▶ _EXERCISE DIRECTIONS_
Transcribe only the lines in the data below falling between the line with "Chafer Pan Oval" and the line with "Candidates Tournament opens", including those two lines, and leave out any picture.

+++ DATA TO EXAMINE +++

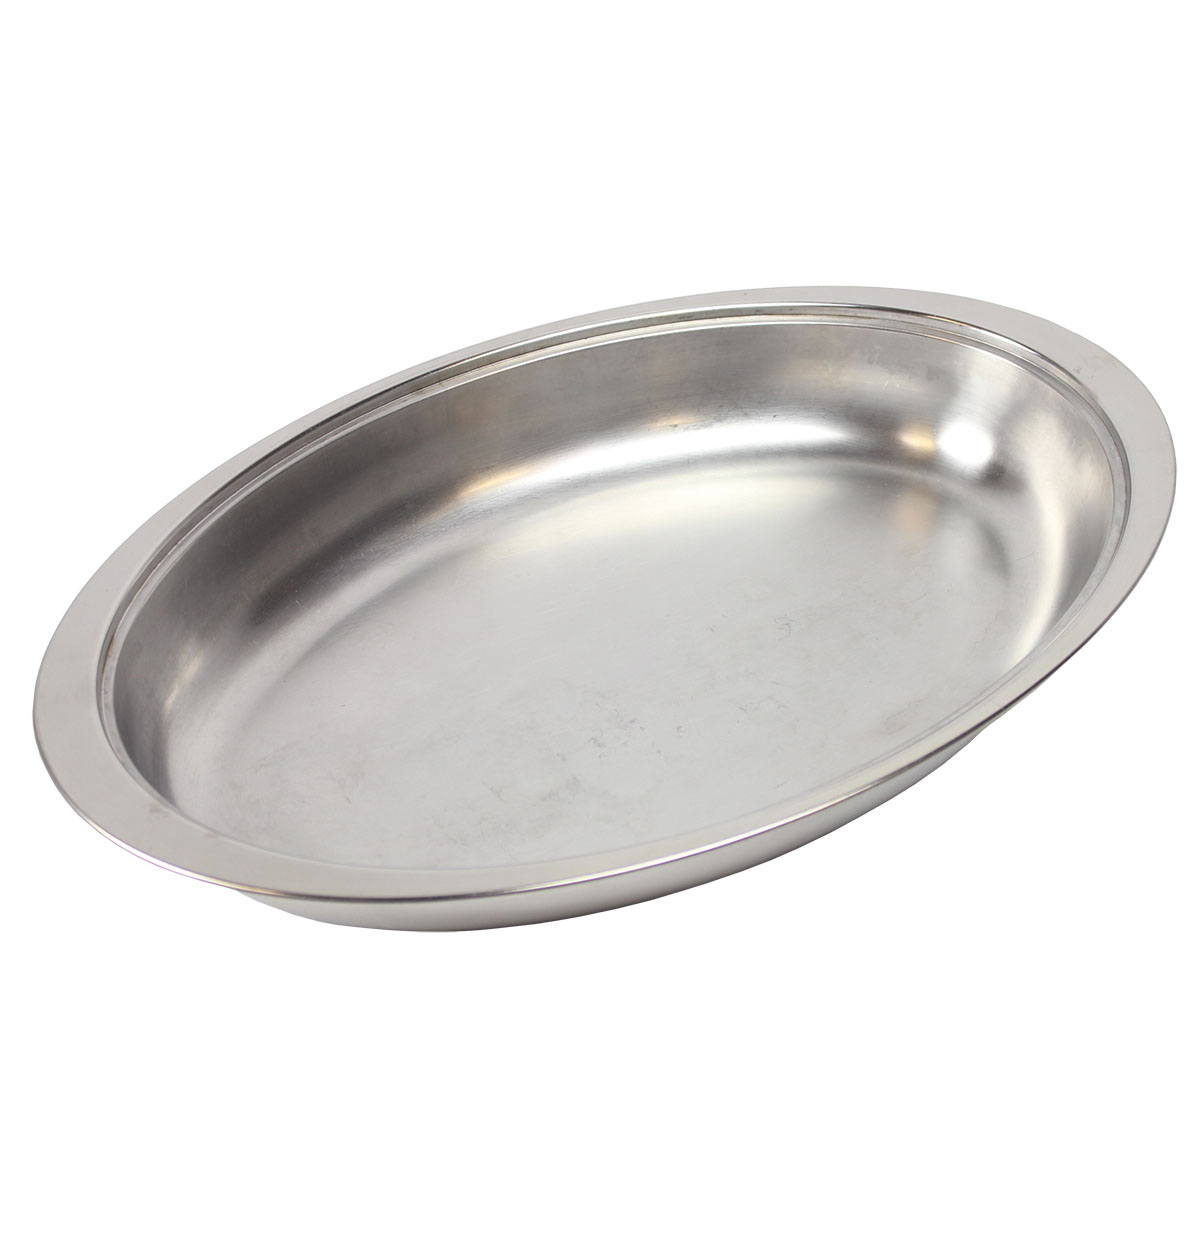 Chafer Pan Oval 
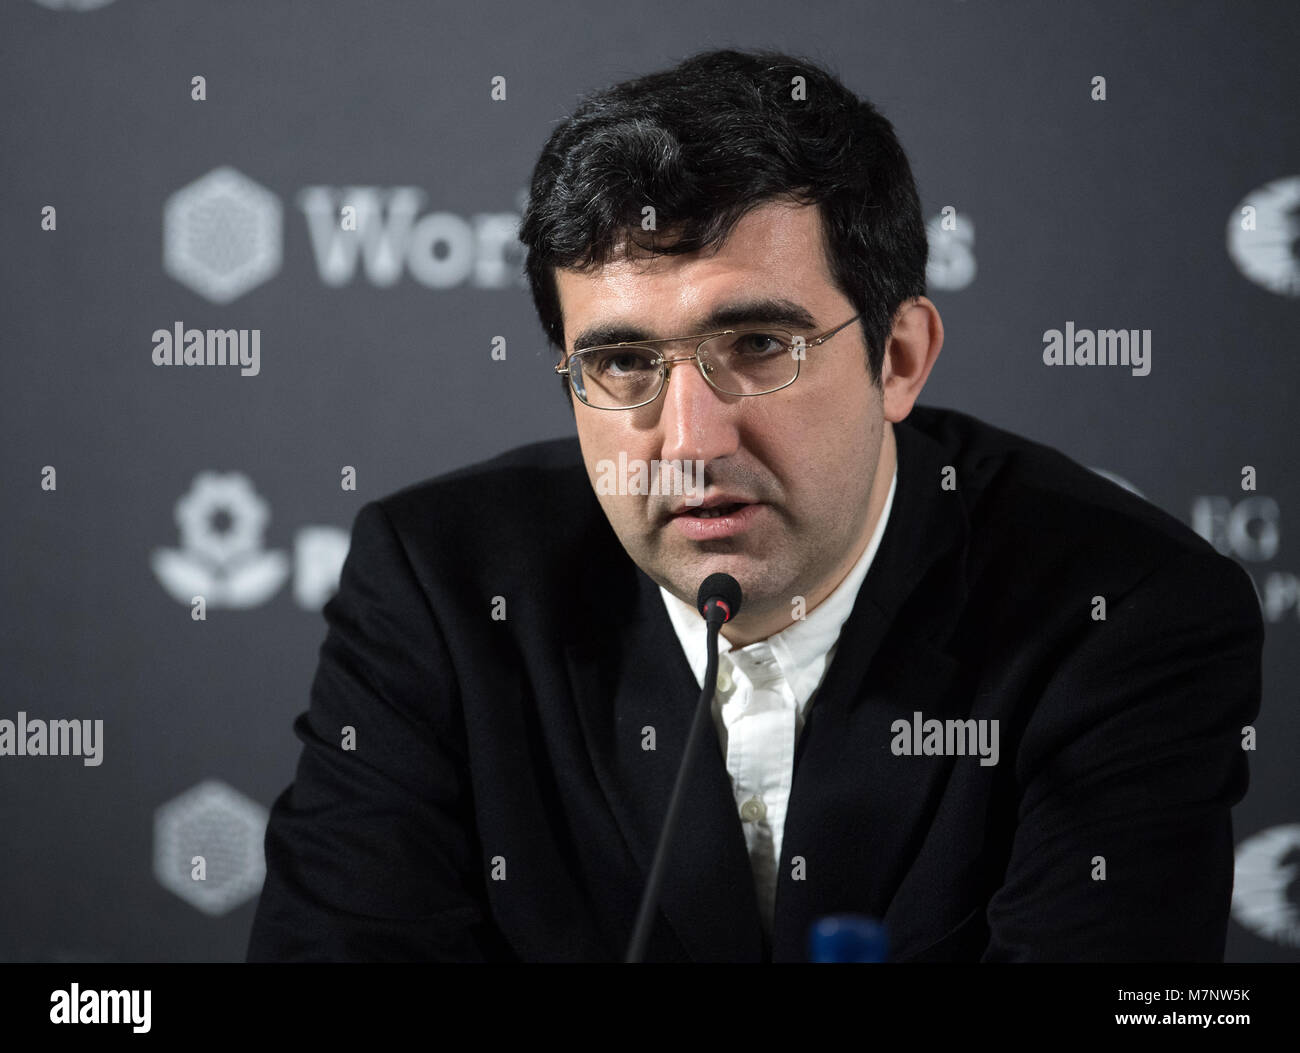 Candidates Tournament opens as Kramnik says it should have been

+++
+++ DATA TO EXAMINE +++

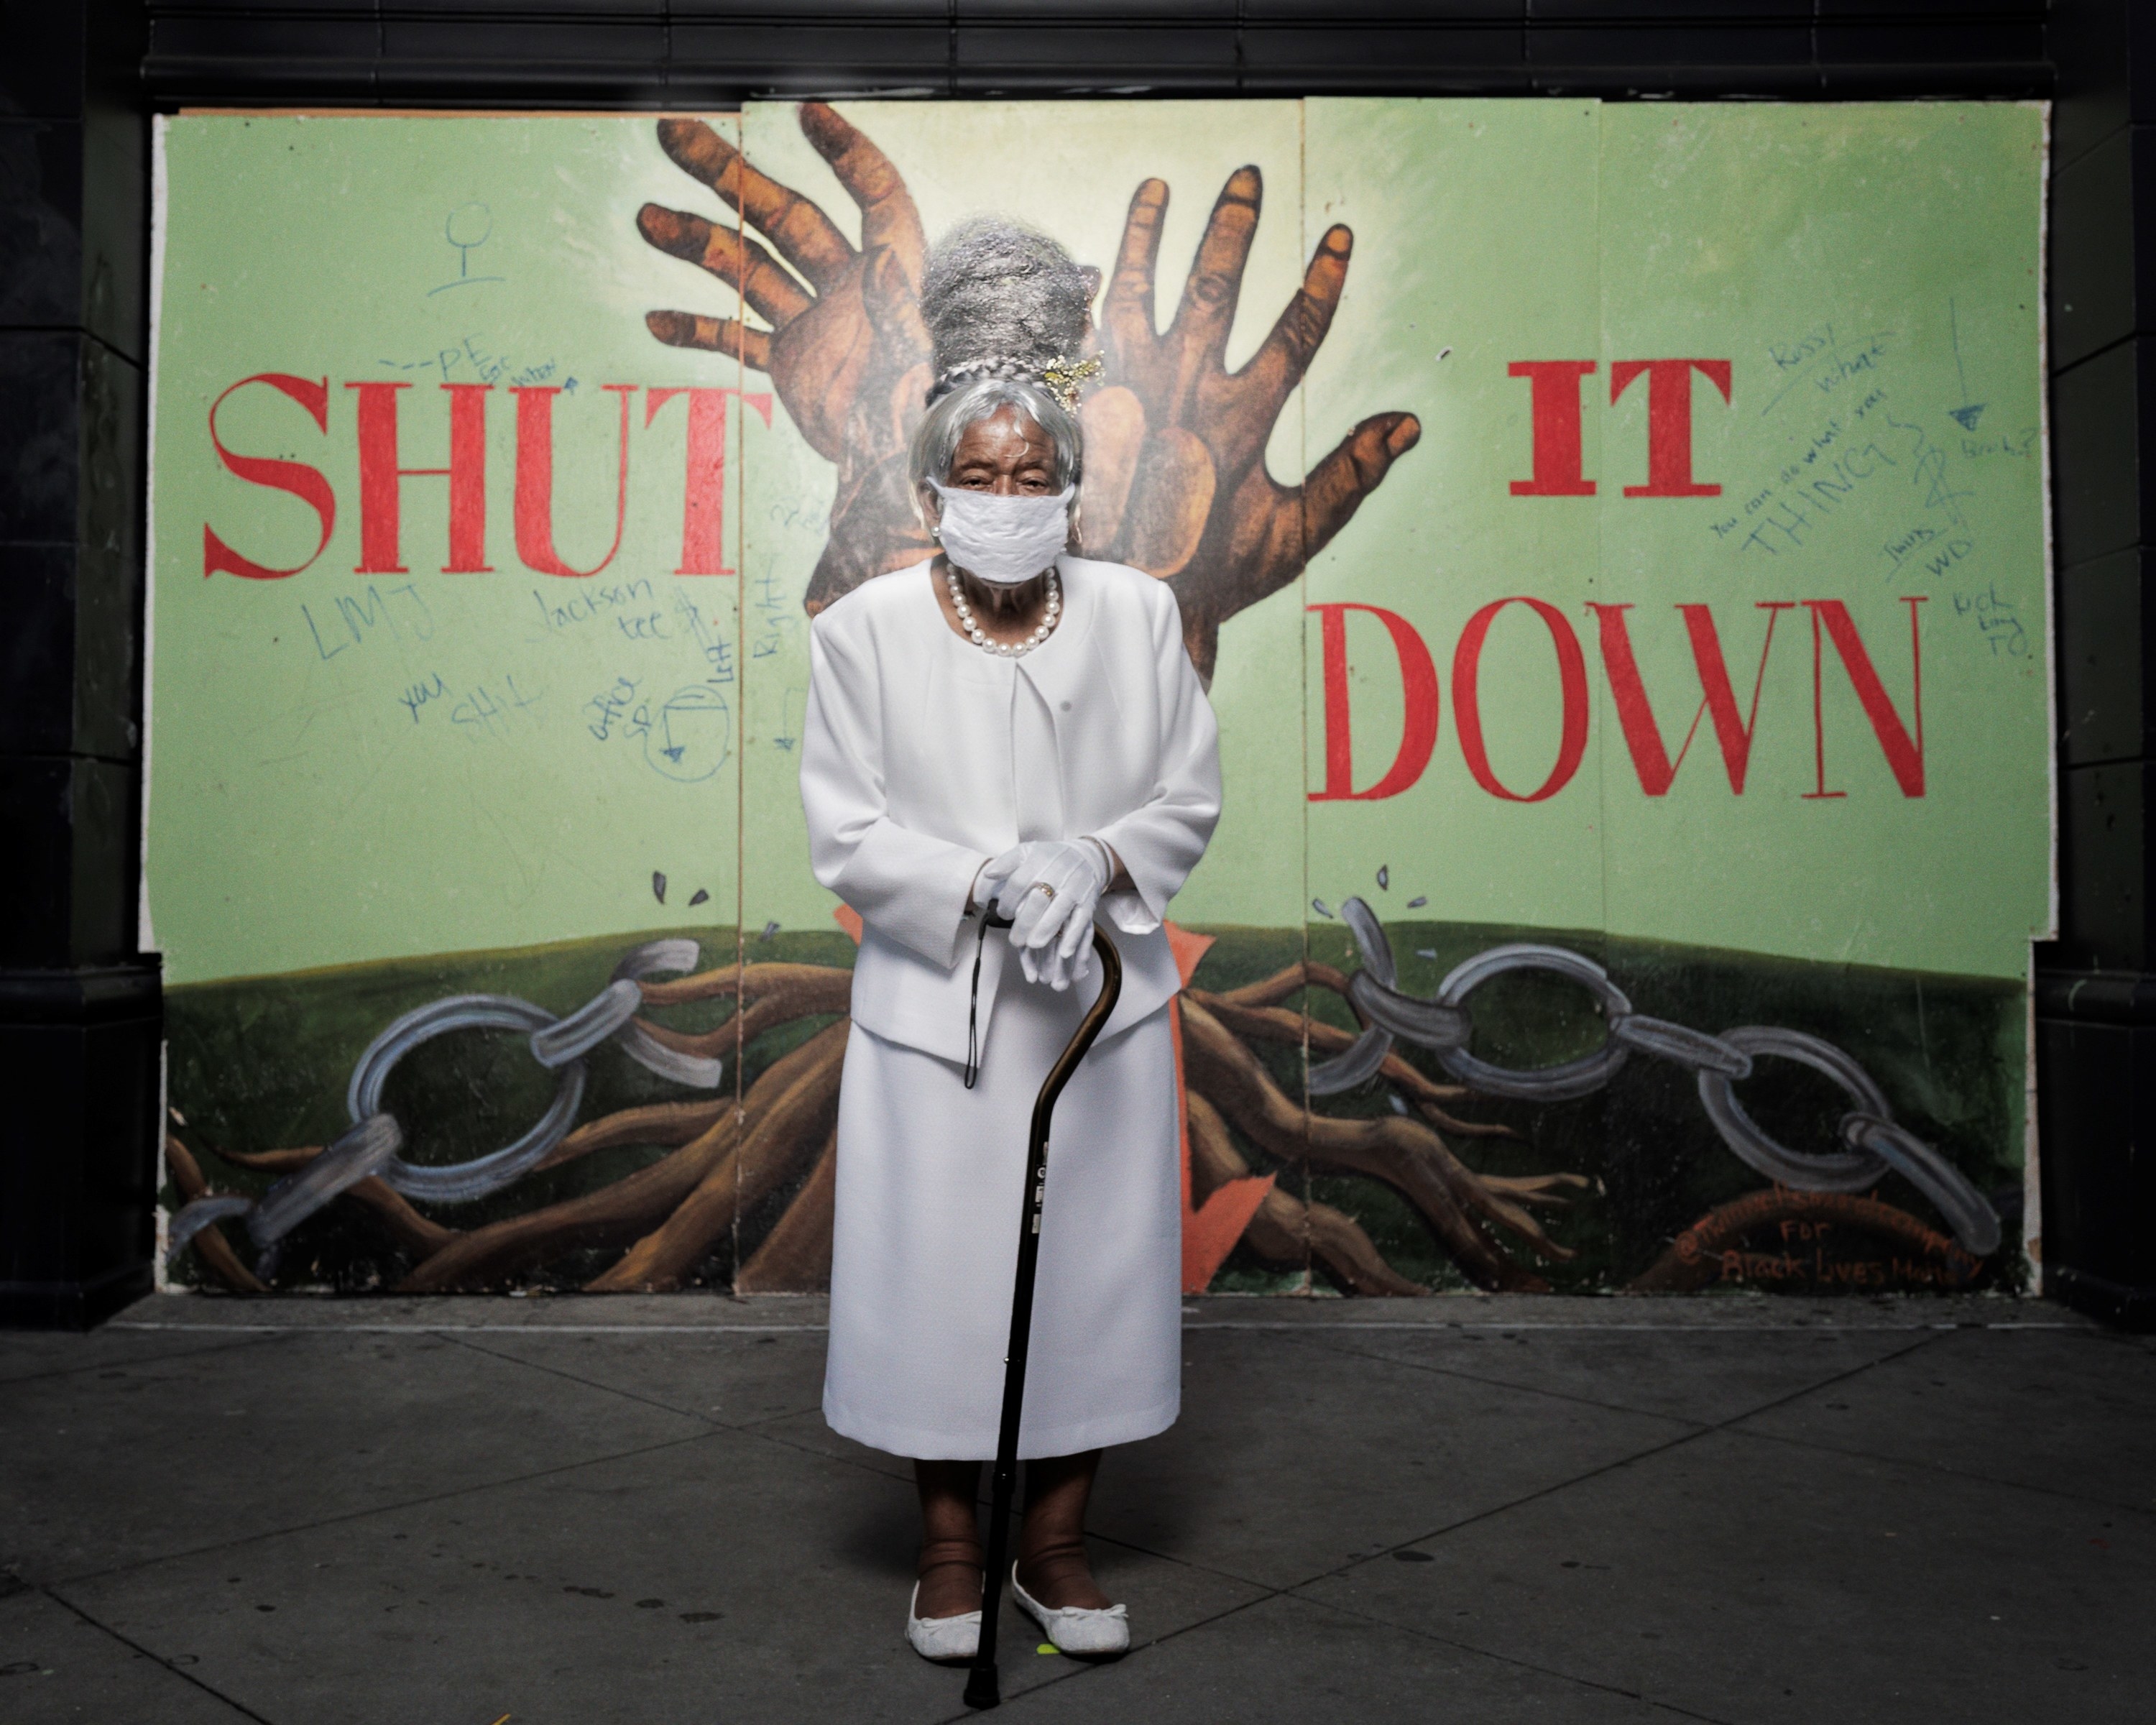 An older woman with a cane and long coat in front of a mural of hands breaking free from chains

+++

▶ _PROBLEM SOLUTION_
 Chafer Pan Oval 
 Candidates Tournament opens as Kramnik says it should have been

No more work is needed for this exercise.